Naturally, guardians of the narrative slammed the NFL’s accurate information.

Chris Borland deserves to make his own decisions about his health without second guessing. The 3.5 million Americans who opt to play the game that Borland quit similarly deserve to make their own decisions without second guessing.

Instead, journalists cheering on Borland’s decision boo the choice of millions of parents and kids. The Fourth Estate floods them with misinformation.

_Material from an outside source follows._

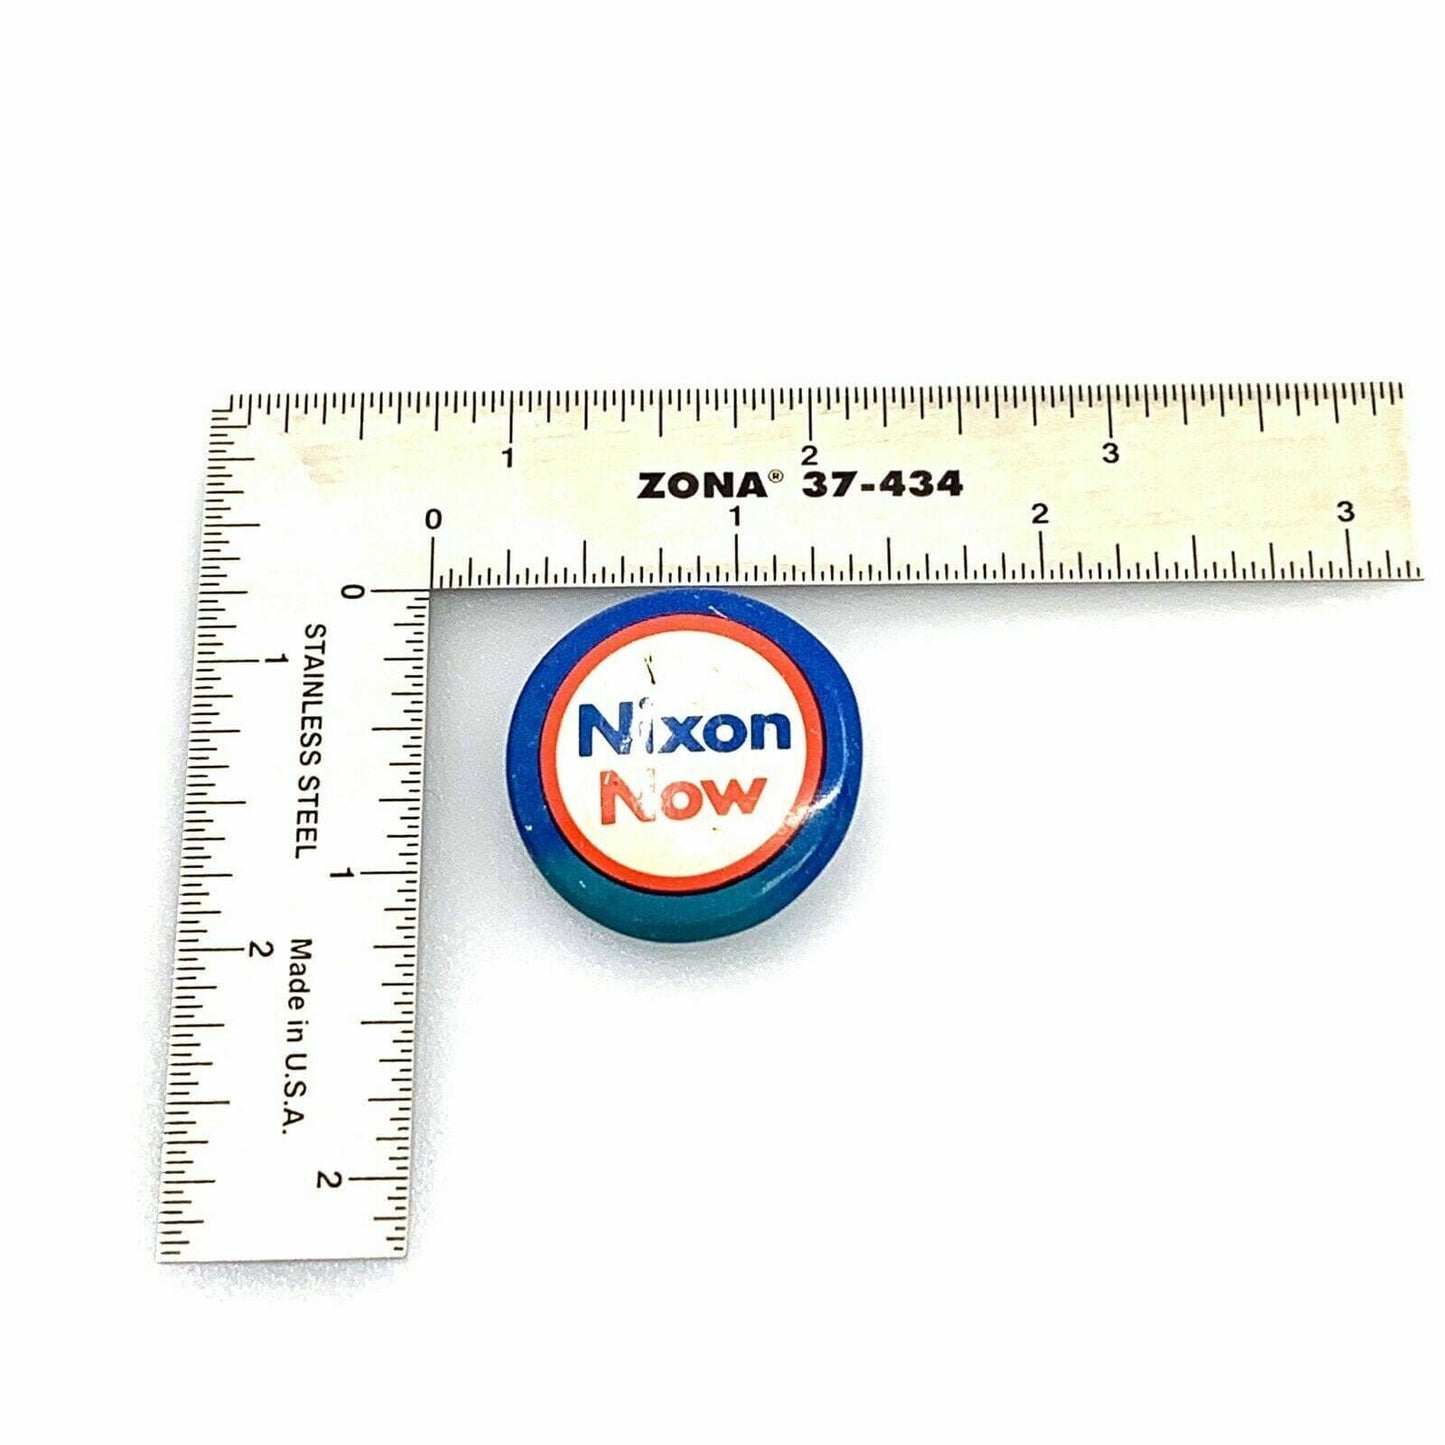 Vintage "Nixon Now" Presidential campaign button • 1972 campaign

“For all players who play five or more years,” George Will deluded in his column, “life expectancy is less than 60; for linemen it is much less.” But NIOSH found 334 deaths among 3,439 NFL retirees when prevailing societal rates informed them they would find, all things being equal, 625. “When you look at two teams playing football on a field,” Malcolm Gladwell fibbed to a CSPAN audience, “chances are that someone on that field is going to die a horrible death well before their time because of playing football.” But NIOSH found just 12 instances of brain diseases directly killing NFL players out of nearly 3,500 retirees examined. “The suicide rate among ex-NFL players is six times the national average, according to GamesOver.org,” Sally Jenkins misled at the Washington Post. But GamesOver.org retracted that statistic and NIOSH showed that NFL players don’t kill themselves all that often. Why hasn’t Jenkins retracted her claim?

One hopes Chris Borland lives a long, healthy life in retirement from the gridiron. Some of America’s best scientists, working for the federal government, tell us after looking at every pension-vested NFL player over three decades that chances are he would have lived a long, healthy life had he continued with his career.